Autant le dire tout de suite ce dernier apporte un petit air rafraîchissant dans le monde de la scène rock française. Largement basé sur des rythmes au tempo ralenti et avec des mélodies tirées au cordeau le groupe a eu la bonne idée d’utiliser les voix féminines et masculines tout en s’exprimant en anglais et en français pour faire de chaque composition une petite perle précieuse.
"Sunderlands" est le monde imaginé par Jibé dans lequel Alex (un accidenté de la route) erre dans un coma aux limites de l’esprit et du rêve. L’homme du duo prend en charge les musiques alors que Flora se charge des textes fouillés émotionnellement chargés. Le travail fait sur les voix est d’une grande classe notamment sur "Tess’ Reveries" dans lequel les parties couplets et refrain sont traitées sous 2 angles opposés (étouffée pour l’une et magnifiée pour l’autre). Le talent d’arrangeur et de compositeur de JiBé casse la baraque avec "Enjoy The Ride", formidable duo voix/guitare doté d’une mélodie de haut vol.
Le piano est la base essentielle de l’ensemble des titres puisque c’est l’instrument qui guide les mélodies. Des nappes de claviers sont présentes de manière plus parsemées souvent pour souligner l’intensité du moment. Le duo vocal est aussi une des marques de fabrique (pourtant largement moins présent sur les 2 premiers opus) du groupe avec des joutes sobres mais lumineuses sur la majorité des compositions :"The World I Made", "One Hundred Years With You", "Un Jour Pour Te Dire" sont les plus belles réussites.

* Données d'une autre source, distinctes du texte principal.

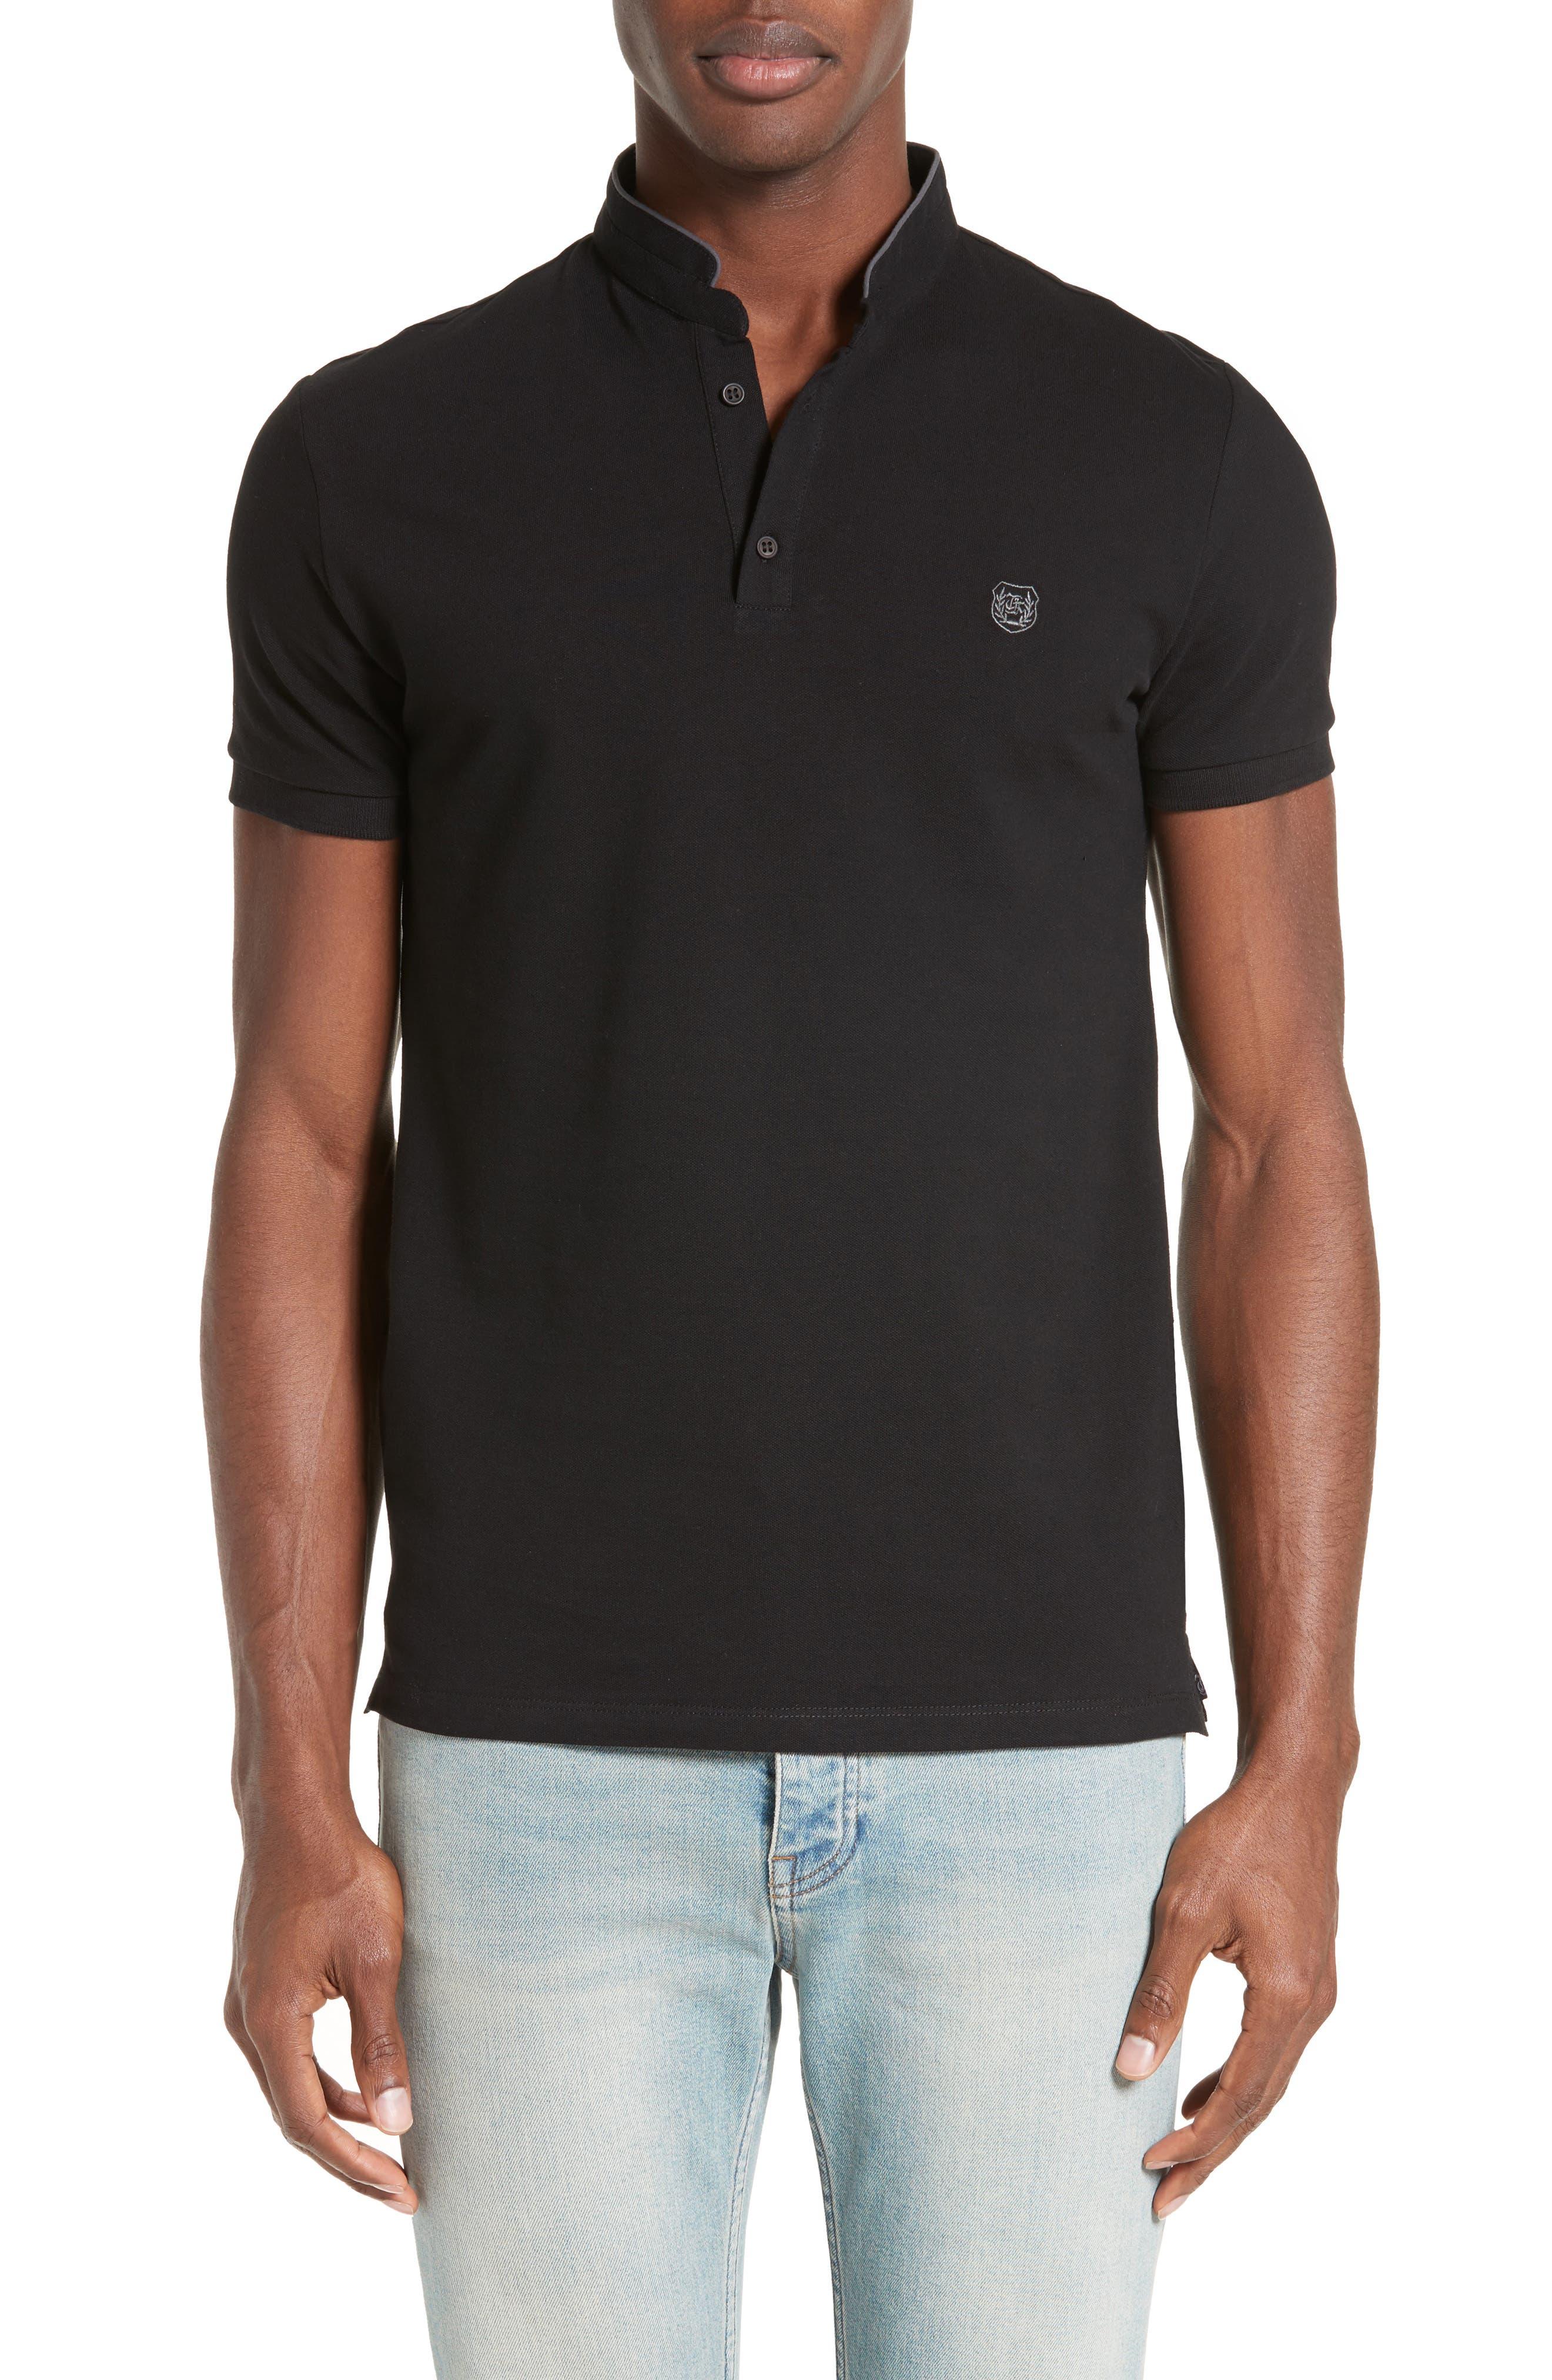 SPORT Pipe Trim Band Collar Piqué Polo,                         Main,                         color, Black/ Grey

Le duo sait aussi utiliser des rythmes plus tranchant dans une idée proche de Muse ("Frame By Frame", "Breaking Bones") avec l’utilisation notable de distorsions sur les voix ou, à l’opposé, de presque-chuchotements avant les déferlantes de six cordes maitrisées. Surprenant, car si le groupe avait déjà parcimonieusement utilisé ce type de compositions nous en retrouvons ici tout de même quatre de cet acabit. Le titre de clôture "Alex" en est l’exemple typique, démarrant sur un propos intimiste au piano/violoncelle puis se déchaînant par la suite soutenu par une batterie et une guitare électrique aiguisée à souhait dans le cadre d’un titre instrumental faisant office de générique de fin.

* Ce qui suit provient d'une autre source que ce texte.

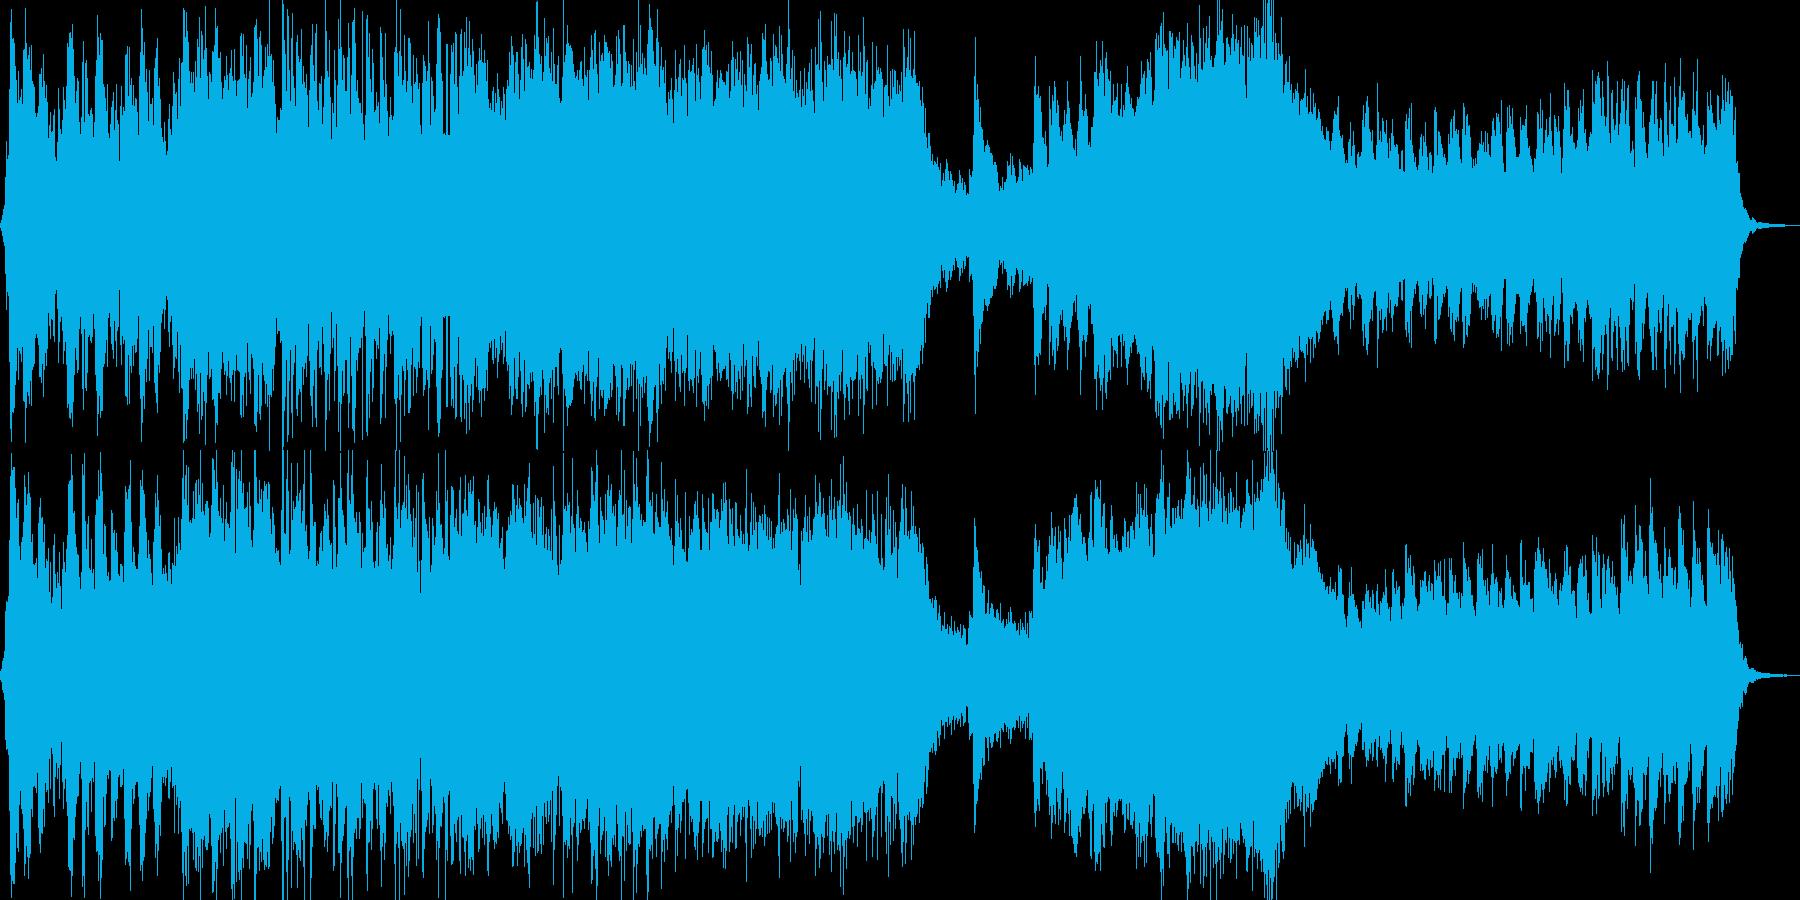 RPG世界の壮大なオーケストラ音楽の再生済みの波形

Si les bordelais ont su bonifier leur talent de compositeurs, il est juste dommage qu'une partie des percussions ait été faite via des programmations en lieu et place d’une véritable batterie. La résultat est un léger manque dans la profondeur et la rondeur du mix (c’est une des forces d’un groupe comme Seven Reizh par exemple) d'autant plus flagrant que les compositions où le batteur intervient prennent immédiatement une certaine ampleur.
A rapprocher de groupe comme Delusion Squared qui avait fait mouche du premier coup, April confirme sa progression et vient de passer un cap évident avec ce "Sunderlands" d’un niveau très appréciable. Une bien belle surprise française de plus qui va rendre encore plus difficile les choix lors des traditionnels votes de décembre dans la catégorie "artiste national de l’année".